*Records drawn from a dataset*
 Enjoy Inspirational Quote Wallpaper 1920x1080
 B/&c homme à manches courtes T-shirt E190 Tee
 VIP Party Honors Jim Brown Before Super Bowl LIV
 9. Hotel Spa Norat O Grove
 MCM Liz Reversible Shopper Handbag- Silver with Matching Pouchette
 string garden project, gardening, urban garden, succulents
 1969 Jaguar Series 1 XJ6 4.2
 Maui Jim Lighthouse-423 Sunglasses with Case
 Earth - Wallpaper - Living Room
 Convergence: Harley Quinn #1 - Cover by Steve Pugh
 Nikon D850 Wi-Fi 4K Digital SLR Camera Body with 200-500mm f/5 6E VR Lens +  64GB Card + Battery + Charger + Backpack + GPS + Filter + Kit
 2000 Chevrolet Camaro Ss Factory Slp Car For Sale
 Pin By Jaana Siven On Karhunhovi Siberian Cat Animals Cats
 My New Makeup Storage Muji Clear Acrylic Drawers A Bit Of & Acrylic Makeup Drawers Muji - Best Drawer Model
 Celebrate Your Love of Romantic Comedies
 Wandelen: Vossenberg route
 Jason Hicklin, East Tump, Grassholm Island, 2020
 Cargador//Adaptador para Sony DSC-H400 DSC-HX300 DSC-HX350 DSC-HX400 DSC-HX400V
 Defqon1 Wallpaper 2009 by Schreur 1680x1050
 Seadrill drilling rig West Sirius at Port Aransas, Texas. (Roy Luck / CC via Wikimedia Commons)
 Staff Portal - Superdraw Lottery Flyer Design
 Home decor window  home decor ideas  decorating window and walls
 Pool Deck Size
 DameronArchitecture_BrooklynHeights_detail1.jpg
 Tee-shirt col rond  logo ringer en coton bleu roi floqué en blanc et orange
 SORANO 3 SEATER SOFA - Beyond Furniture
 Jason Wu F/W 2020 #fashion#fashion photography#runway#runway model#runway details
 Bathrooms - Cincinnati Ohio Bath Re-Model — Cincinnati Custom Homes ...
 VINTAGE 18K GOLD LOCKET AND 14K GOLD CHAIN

*EXERCISE*
Write out all the records above one more time, exactly.

*ANSWER BOX*
 Enjoy Inspirational Quote Wallpaper 1920x1080
 B/&c homme à manches courtes T-shirt E190 Tee
 VIP Party Honors Jim Brown Before Super Bowl LIV
 9. Hotel Spa Norat O Grove
 MCM Liz Reversible Shopper Handbag- Silver with Matching Pouchette
 string garden project, gardening, urban garden, succulents
 1969 Jaguar Series 1 XJ6 4.2
 Maui Jim Lighthouse-423 Sunglasses with Case
 Earth - Wallpaper - Living Room
 Convergence: Harley Quinn #1 - Cover by Steve Pugh
 Nikon D850 Wi-Fi 4K Digital SLR Camera Body with 200-500mm f/5 6E VR Lens +  64GB Card + Battery + Charger + Backpack + GPS + Filter + Kit
 2000 Chevrolet Camaro Ss Factory Slp Car For Sale
 Pin By Jaana Siven On Karhunhovi Siberian Cat Animals Cats
 My New Makeup Storage Muji Clear Acrylic Drawers A Bit Of & Acrylic Makeup Drawers Muji - Best Drawer Model
 Celebrate Your Love of Romantic Comedies
 Wandelen: Vossenberg route
 Jason Hicklin, East Tump, Grassholm Island, 2020
 Cargador//Adaptador para Sony DSC-H400 DSC-HX300 DSC-HX350 DSC-HX400 DSC-HX400V
 Defqon1 Wallpaper 2009 by Schreur 1680x1050
 Seadrill drilling rig West Sirius at Port Aransas, Texas. (Roy Luck / CC via Wikimedia Commons)
 Staff Portal - Superdraw Lottery Flyer Design
 Home decor window  home decor ideas  decorating window and walls
 Pool Deck Size
 DameronArchitecture_BrooklynHeights_detail1.jpg
 Tee-shirt col rond  logo ringer en coton bleu roi floqué en blanc et orange
 SORANO 3 SEATER SOFA - Beyond Furniture
 Jason Wu F/W 2020 #fashion#fashion photography#runway#runway model#runway details
 Bathrooms - Cincinnati Ohio Bath Re-Model — Cincinnati Custom Homes ...
 VINTAGE 18K GOLD LOCKET AND 14K GOLD CHAIN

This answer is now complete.